Task prompt:
Write out word for word the lines from the one holding "Macam Macam Peralatan" through the end of the data, and only those lines. Pictures stay out.

Supplied information:
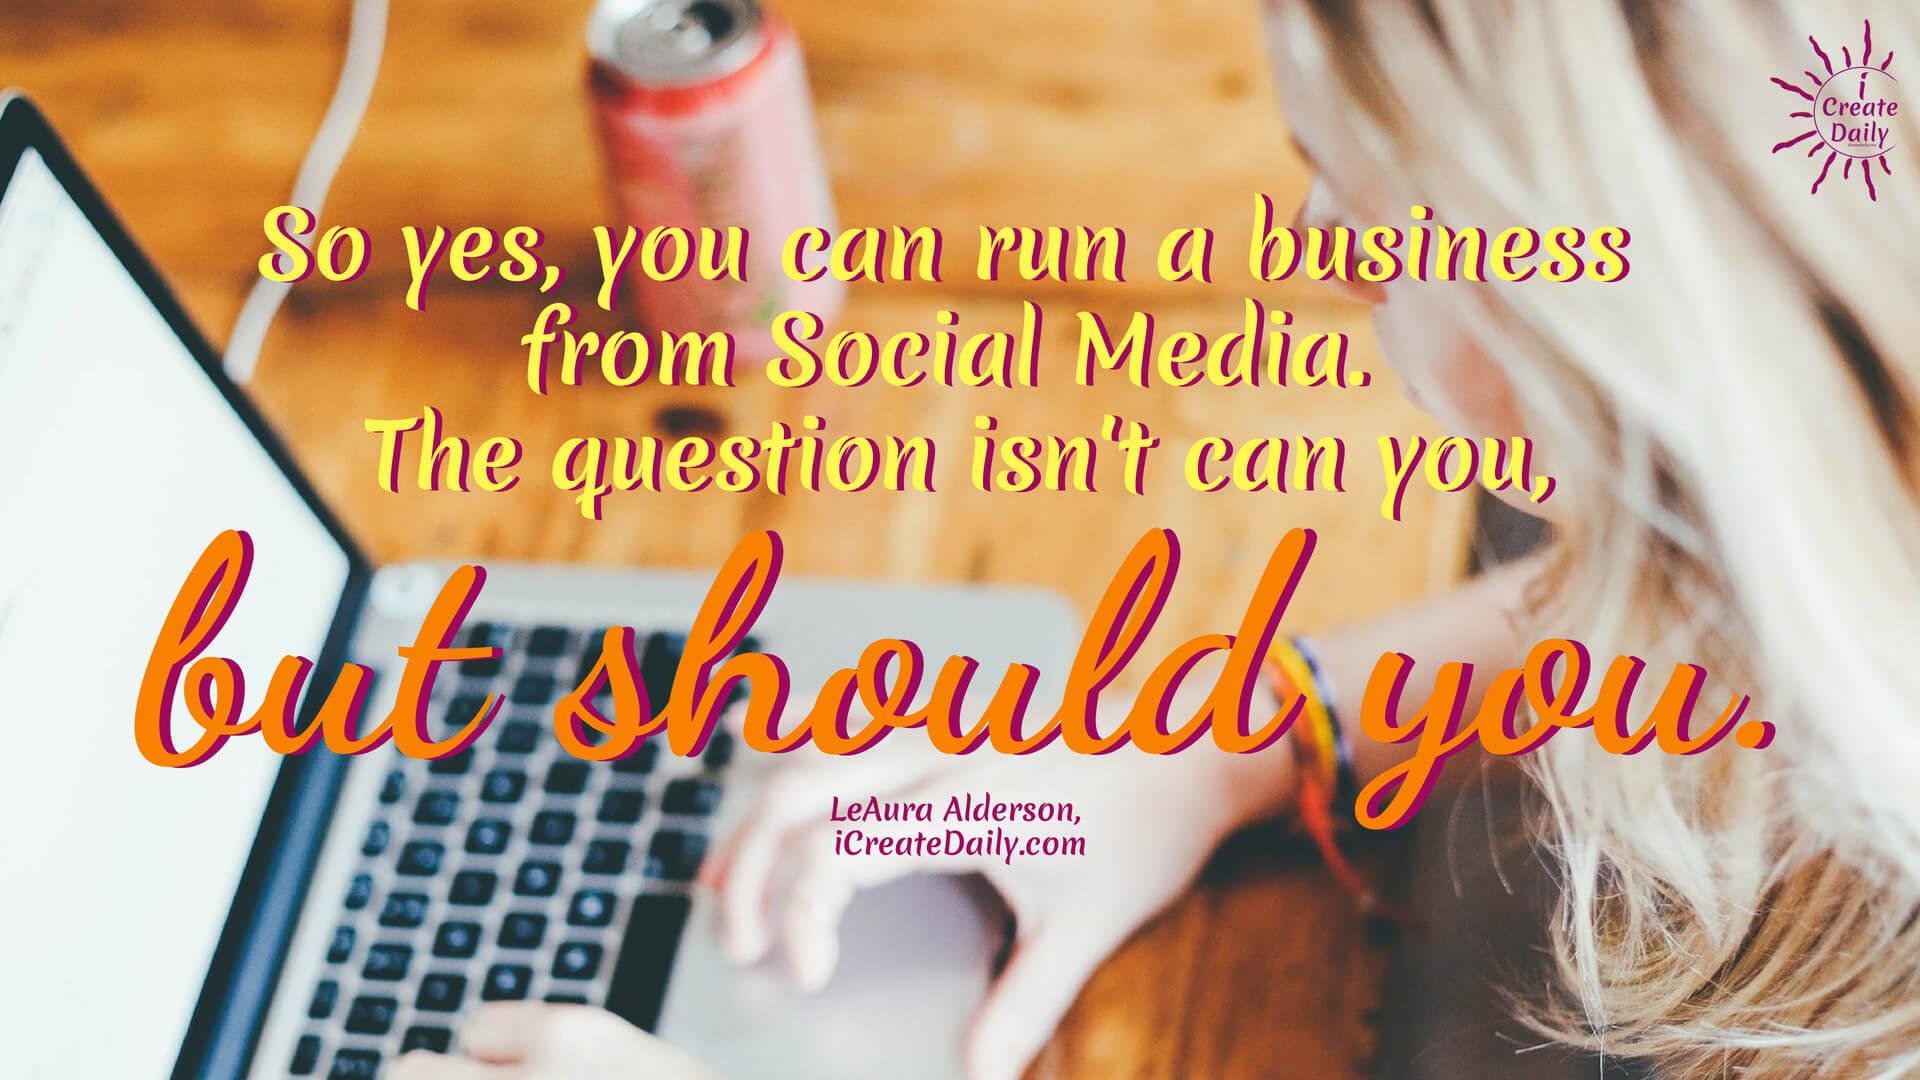 Run a Business From Social Media
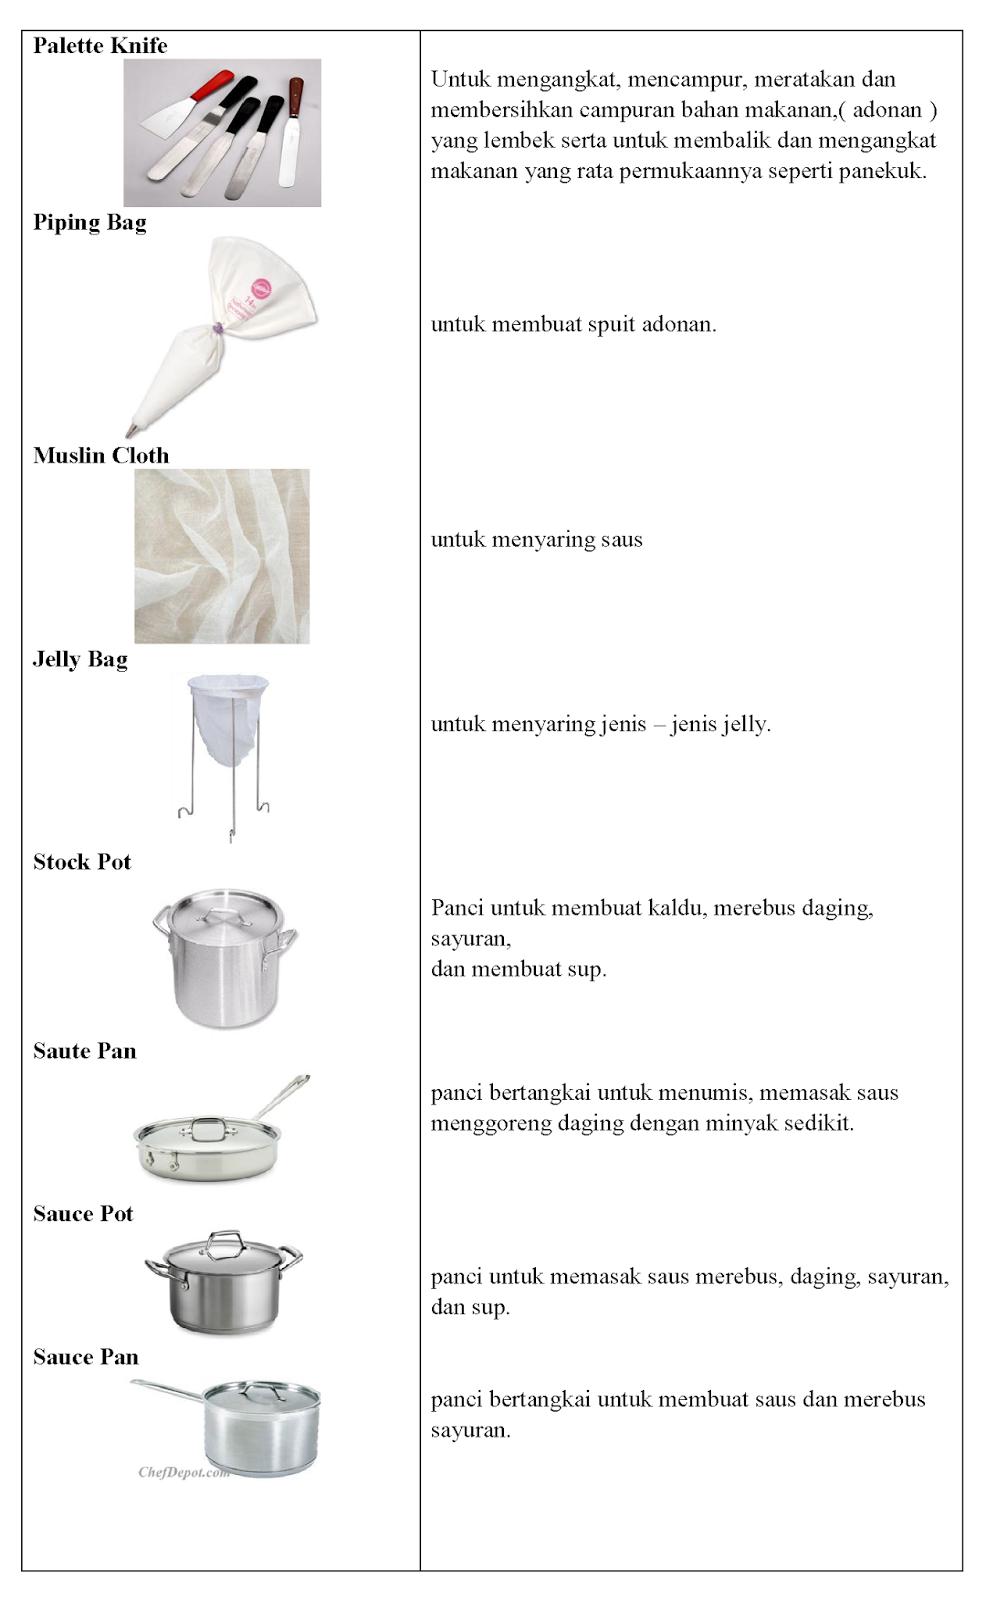 Macam Macam Peralatan Dapur Beserta Fungsinya : macam, peralatan, dapur, beserta, fungsinya, Jenis, Peralatan,, Fungsi, Pengolahan, Makanan, MEMBUAT, TUGAS, SEKOLAH
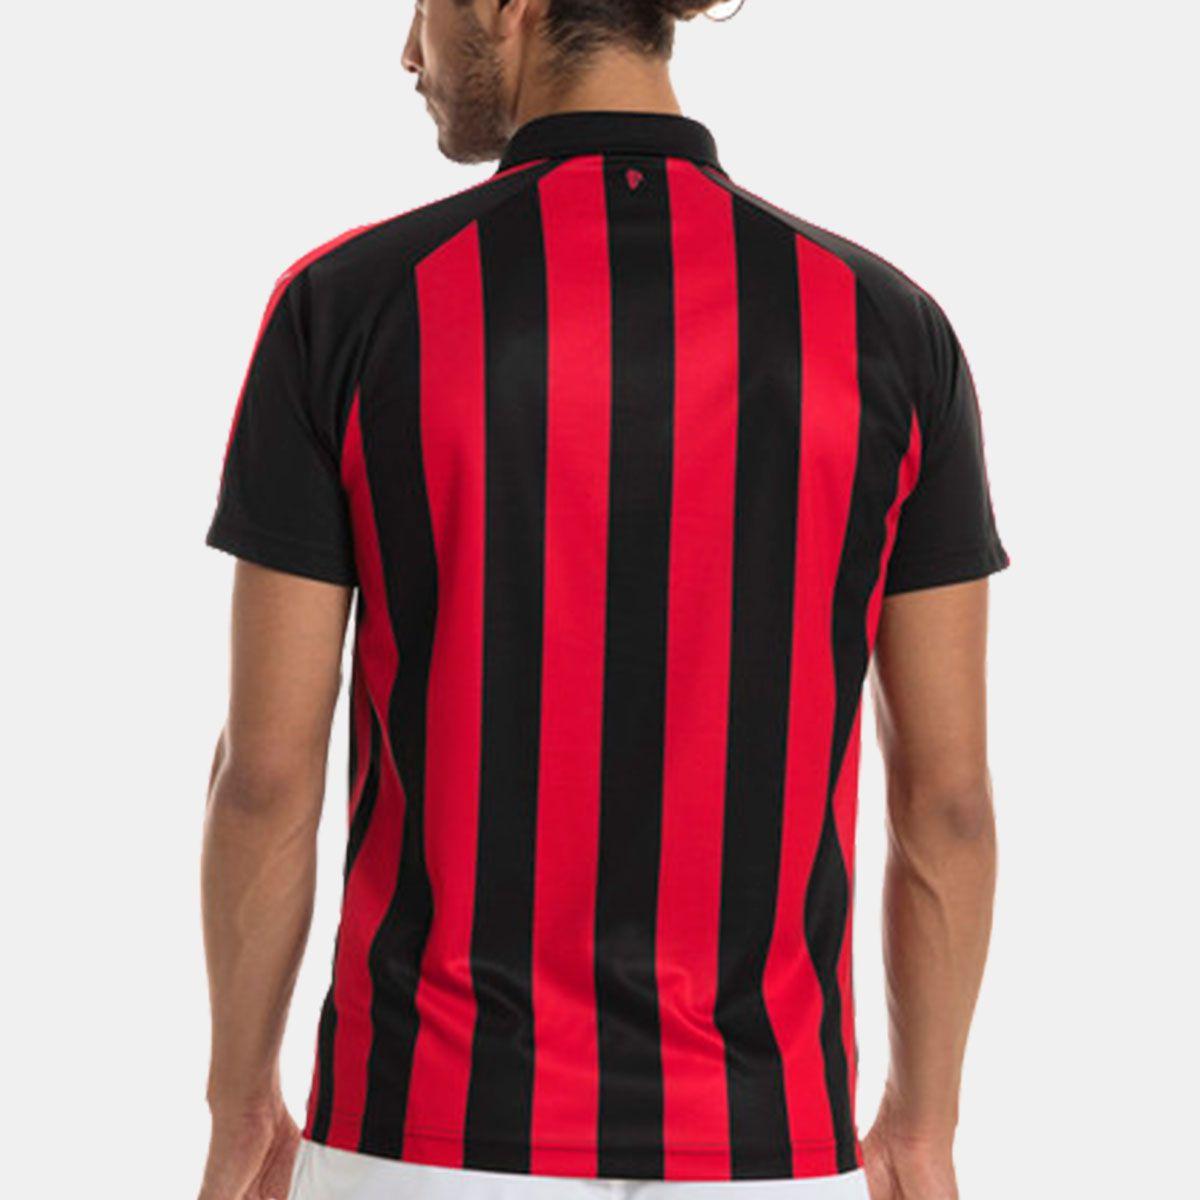 Camisa Milan Home Puma 2018

Exercise answer:
 Macam Macam Peralatan Dapur Beserta Fungsinya : macam, peralatan, dapur, beserta, fungsinya, Jenis, Peralatan,, Fungsi, Pengolahan, Makanan, MEMBUAT, TUGAS, SEKOLAH
 Camisa Milan Home Puma 2018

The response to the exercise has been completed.